Introduction to Ollama
Omni-Layer Learning Language Acquisition Model (Ollama) is an open source tool that makes large language model (LLM) deployment and integration largely accessible to users. With Ollama, users can independently manage their LLM ecosystems by creating new models, pulling and running pretrained models, copying models, removing models, and duplicating existing models, all from their local machines. The tool was built from a combination of unsupervised learning techniques, deep neural networks, and a multilayered architecture to progressively understand more complex linguistic patterns, allowing it to ultimately learn natural language without direct human intervention or labeling of data.
Ollama offers several key features, of which the following are particularly of note:
- Local execution (no need for cloud resources): Mitigates data risks associated with the cloud and gives users more control and autonomy to run faster models without external reliance.
- Extensive model library: Comes packaged with a wide range of pretrained LLMs (ex: llama, gpt-oss, granite, mistral, etc.) that users can deploy and run from their local machines.
- Customization: Users can create LLMs specific to their use case by editing or adding parameters to existing pretrained models, offering greater autonomy and control.
Compatibility with Oracle Linux
Currently, Ollama is compatible with MacOS, Linux, and Windows operating systems, and can be deployed seamlessly on top of Oracle Linux.
Benefits to running Ollama on Oracle Linux
Running Ollama on Oracle Linux specifically offers users and enterprises several advantages beyond those available through using a generic Linux distribution, including:
- Oracle Ksplice for live kernel patching: Ksplice can uniquely apply critical security and bug patches to the Oracle Linux kernel without interrupting a user’s Ollama workloads or requiring a system reboot.
- Unbreakable Enterprise Kernel (UEK): Ollama can leverage UEK, Oracle Linux’s featured kernel, for GPU acceleration and high throughput workloads in with AI/LLMs, serving forresulting in greater performance and reliability.
- Advanced monitoring with DTrace: Users can take advantage of the Oracle Linux dynamic tracing framework (DTrace) to observe and monitor real-time system behavior and application performance during Ollama installations and deployments.
- Oracle Support: Compatibility or security issues within Oracle Linux environments can be efficiently resolved with Oracle’s world-class enterprise support for both OS and critical libraries.
- Oracle Cloud Native Environment (OCNE) and Oracle Cloud Infrastructure Kubernetes Engine (OKE): OCNE and OKE allow Ollama to be deployed in containers, offering advantages such as portability, efficiency, scalability, isolation, and faster development cycles.
Guide to starting Ollama on Oracle Linux
Prerequisites
- Access to an Oracle Linux operating system.

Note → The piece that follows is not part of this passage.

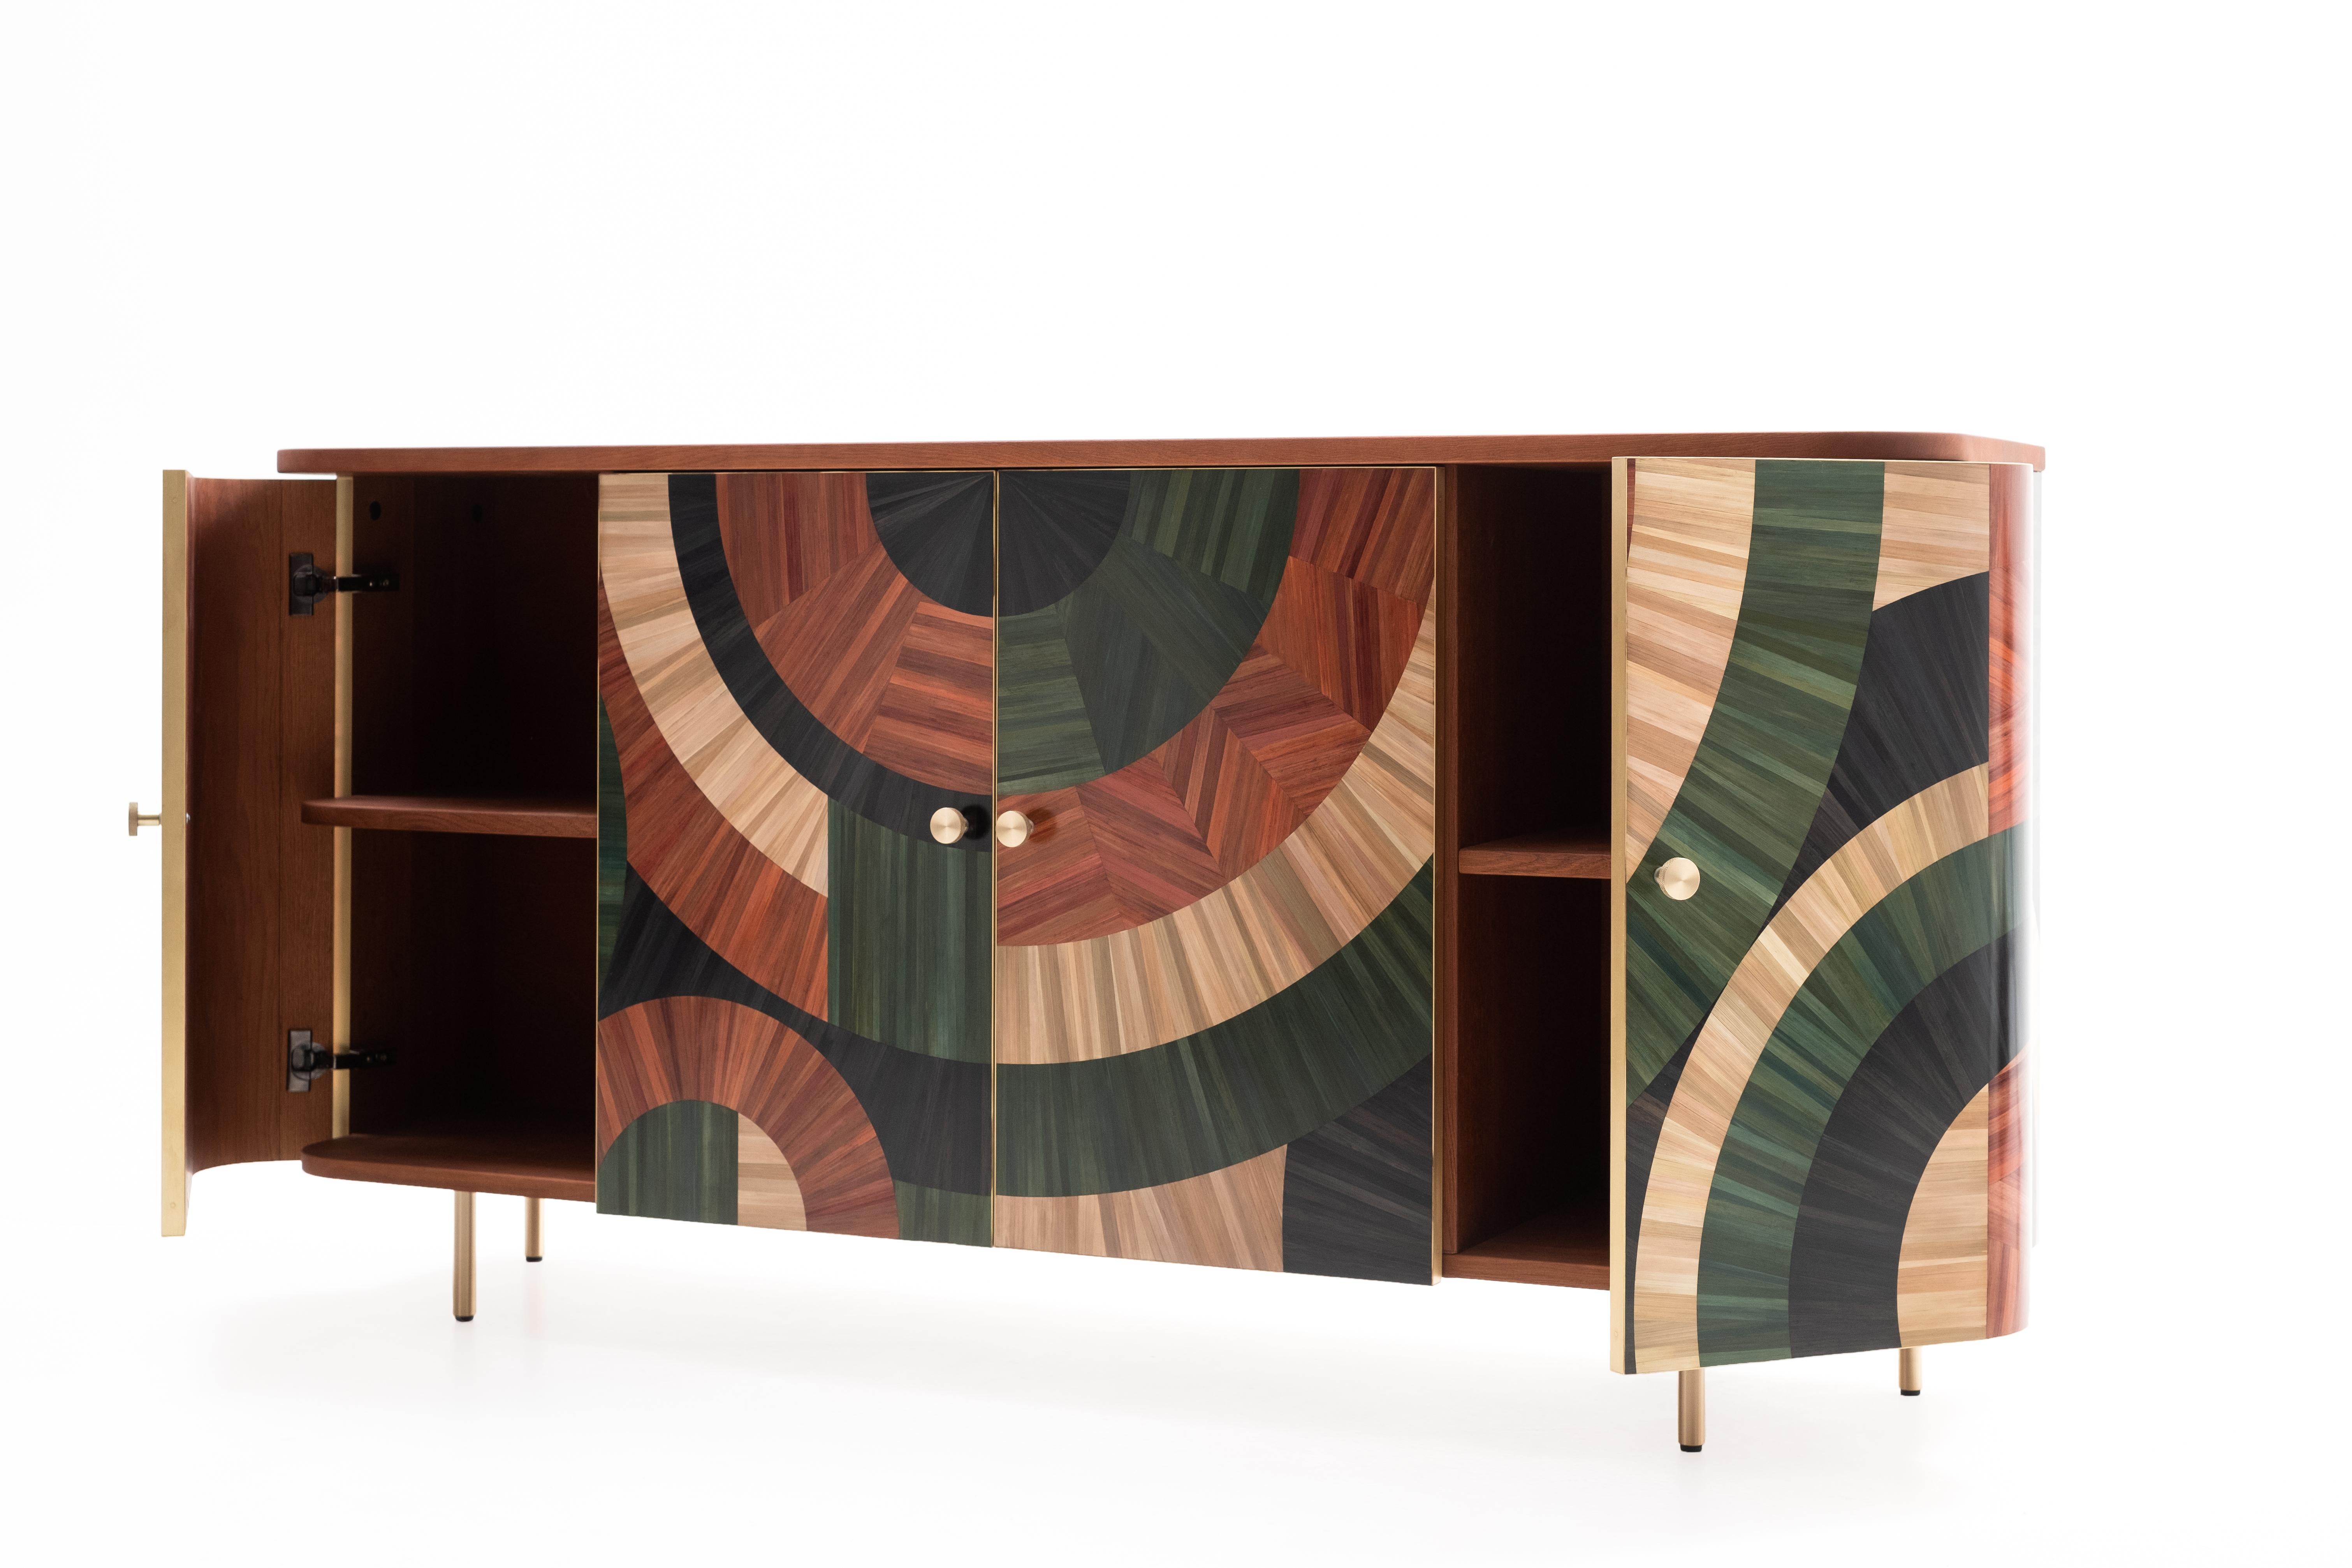 Solomia straw Marquetry Art Deco oakwood cabinet green orange black natural colors by RUDA Studio

The cabinet Solomia is inspired by the fertility of our land. The ornament is made in the ancient straw Marquetry technique in orange, green, black

- Ensure that curl is installed:
sudo dnf install -y curl
Download and Run Ollama
- From your Oracle Linux machine, run the following to download the Ollama installation script:
curl -fsSL https://ollama.com/install.sh | sh
- After installation, start the Ollama service:
sudo systemctl start ollama
- For Ollama to start automatically on boot:
sudo systemctl enable ollama
- Verify Ollama is active (running) by checking its status:
sudo systemctl status ollama
- If you want to access Ollama remotely or allow for incoming connections, adjust any firewall settings to allow traffic on the default Ollama port (11434):
sudo firewall-cmd --permanent --add-port=11434/tcp sudo firewall-cmd --reload
- Pull and run a model (make sure you have enough memory space for the model’s requirements):
ollama pull llama3 ollama run llama 3
- Interact with the model through the command line and test different prompts:
Ollama’s REST API
Ollama’s REST API allows users to interact locally with LLMs through HTTP requests, so that Ollama’s capabilities to be leveraged by various applications without requiring a CLI or GUI.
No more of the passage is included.